The language of the two insurance policies in this case is not ambiguous, and pursuant to interpretations given similar insurance policies in Florida, American's policy, and not USF & G's, covers this accident. Both are "claims-made" (also referred to as "discovery") policies, which provide coverage "if the negligent or omitted act is discovered or brought to the attention of the insurer within the policy term." (Emphasis added.) They are the opposite from "occurrence policies" where "coverage is effective if the negligent act *626 or omission occurs within the policy period, regardless of the date of discovery or the date the claim is made or asserted."[3] (Emphasis added.)

Coverage for claims-made policies exists if an accident happens while the policy is in effect, without regard to when the negligent act which caused the accident took place.[4] Most contractors' comprehensive liability policies are of the claims-made type, effective for accidents which happen during the effective dates of the policy.[5] Accordingly, but for section 627.426(2), American's policy would cover this accident because it was in effect when the negligence was discovered; whereas USF & G's policy would not provide coverage because that policy was in effect when the negligent act occurred.

The difficult issue in this case is to determine whether section 627.426(2) has the effect of creating coverage for Adolf under USF & G's expired liability policy.

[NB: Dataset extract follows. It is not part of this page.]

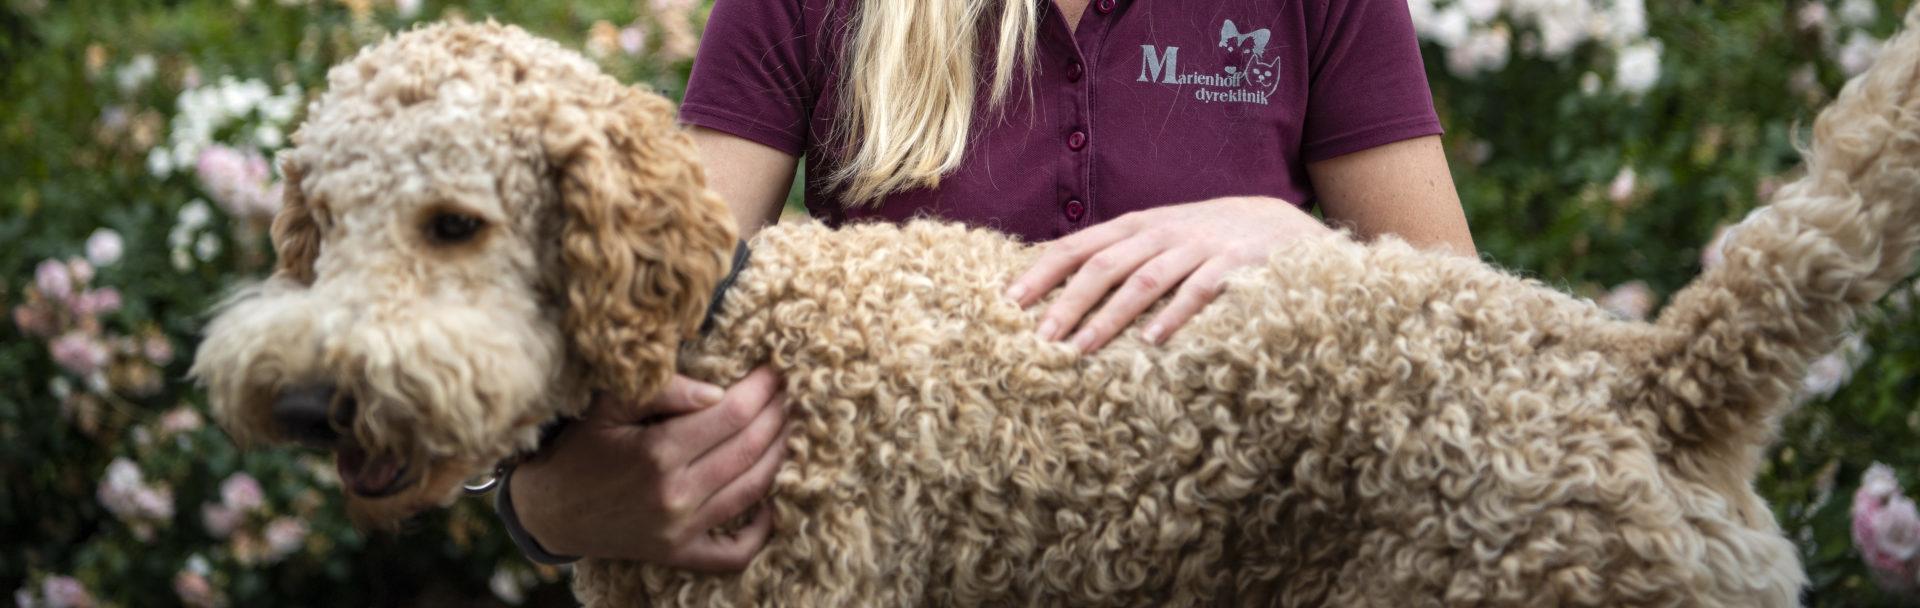 vaccination af hund marienhoff dyreklinik1 e1602752962103

Faced with a similar, although much more general statute in New York which requires insurance companies to timely disclaim coverage,[6] the courts in that state have held that the statute does impose liability where the insurance company seeks to avoid coverage because of a breach of a condition in the policy by the insured, or because of the application of an exclusion.[7]

However where the coverage of the policy does not attach, either because no contract of insurance was made with the person and for the vehicles involved, or where the policy had been terminated by act of the insured or cancellation by the insurer, there is no duty to disclaim.[8] The rationale for the New York court's view of their insurer disclaimer statute is a species of waiver or estoppel. Since these doctrines are not a sufficient legal basis to create or extend coverage, the reasoning is that neither can the statute create or extend coverage.[9]

To hold otherwise and apply the doctrine of waiver in such circumstances would improperly create coverage where none exists, contrary to well-established law in this state.

Aetna Casualty, at 912.

A similar rule of law regarding estoppel and waiver is existent in this state.[10]

... the doctrine of waiver and estoppel based upon the conduct or action of the insurer (or his agent) is not applicable to matters of coverage as distinguished from grounds for forfeiture. In other words, while an insurer may be estopped *627 by its conduct from seeking a forfeiture of a policy, the insurer's coverage or restrictions on the coverage cannot be extended by the doctrine of waiver and estoppel.

Peninsular Life Ins. Co. v. Wade, 425 So.2d 1181 (Fla. 2d DCA 1983).